Jim Danaher, managing director of defined contribution solutions at Northern Trust, which serves typically larger employers, said the match is important but not always as critical as some might believe.
“I wouldn’t say that the absence of a match would discourage someone from staying in a plan,” he said. “If it is a situation where enrollment is voluntary, that’s a slightly different case. (But) I think if you have individuals auto-enrolled, the absence of a match is less of a driver for participation.”
That may be, but most employers are sticking with the tried and true.
The Transamerica Retirement Solutions' Report on Retirement Plans 2013: The Road to Retirement Readiness found that the vast majority of companies, 83%, that offer a 401(k) or similar plan include matching contributions as part of their plans.
“Despite widespread news reports to the contrary, most plan sponsors did not make changes to the match during the recession.

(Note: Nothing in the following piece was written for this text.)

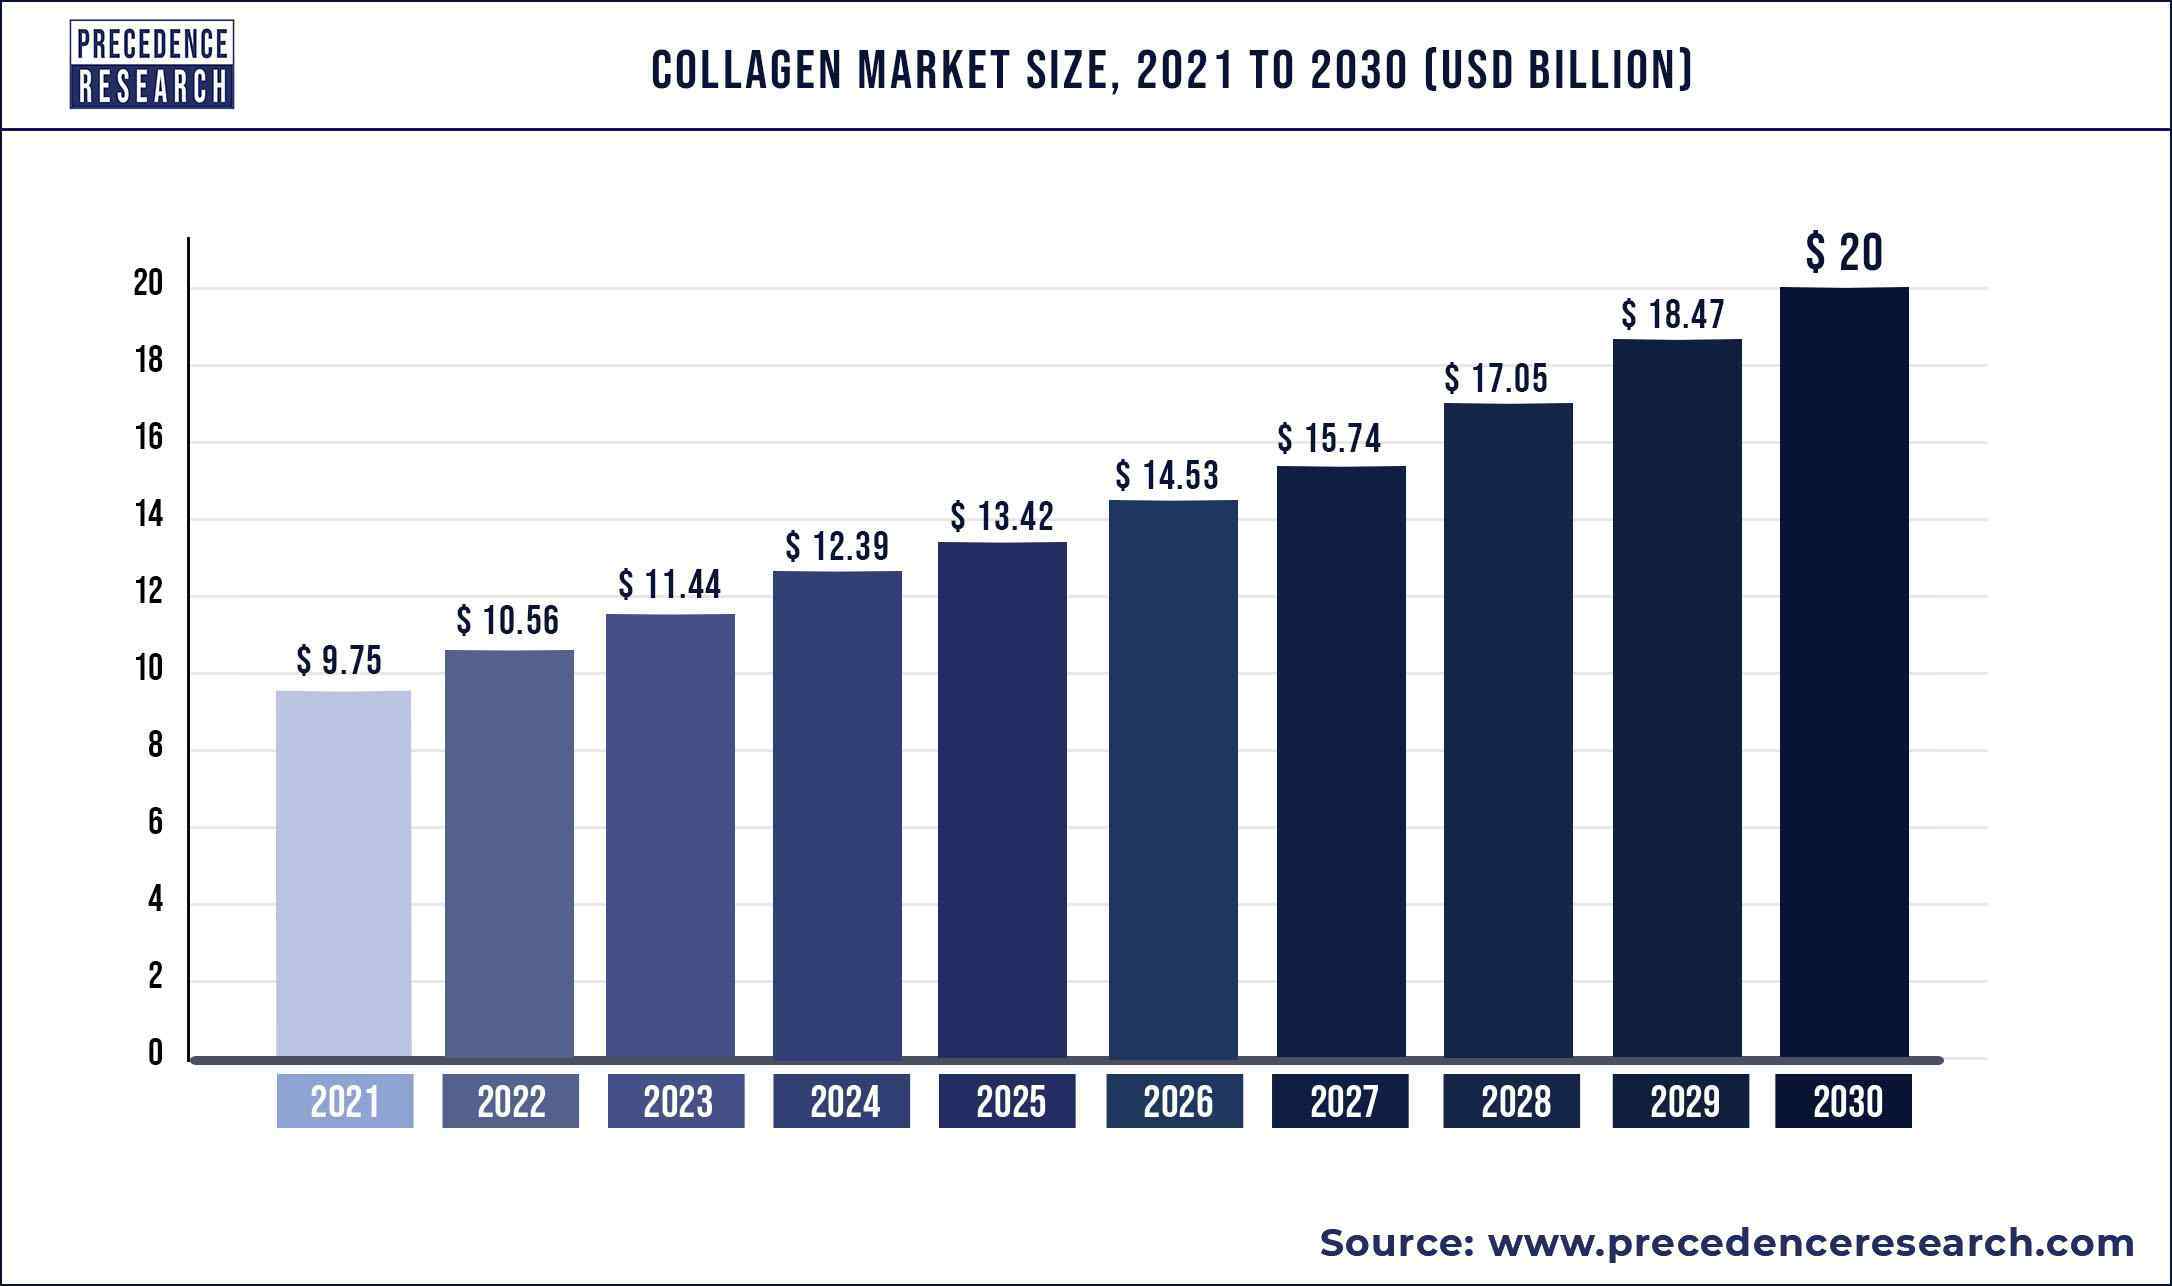 Collagen Market Size 2021 to 2030

In 2013, among the 15% of companies who said they had decreased or suspended their match during the recession, nearly half (7%) said that they have reinstated it,” the Transamerica center said in its study.
Advaney’s biggest takeaway from the report was that “employers are thinking about their level of responsibility as it relates to their retirement plan, and they are thinking about what they can do to make it as attractive as it can be.”
Large corporations, in particular, used to offer these types of options as a way to attract and retain good employees. Now, for the first time this year, “helping employees accumulate for retirement edged out the next highest reason for having a plan,” Advaney said.
In other words, companies are even more concerned about helping their employees prepare for retirement than they are with attracting top talent.
Defined contribution plans were viewed as supplemental savings vehicles and matching contributions were just an added benefit, Advaney said. Now, DC plans are seen as essential retirement vehicles for the majority of working Americans.
Plan sponsors should design their matching contribution in such a way that employees don’t feel that they are taking money out of their pocket, especially if they can’t afford to save more, she said.
Different formulas could be used to make sure that doesn’t happen.
“I haven’t seen a lot of people take us up on that, but it is making some people think. To modernize their plan to make sure everything is pointing in the right direction so participants, whether they auto-enroll or not, are making the right decisions in spite of themselves.”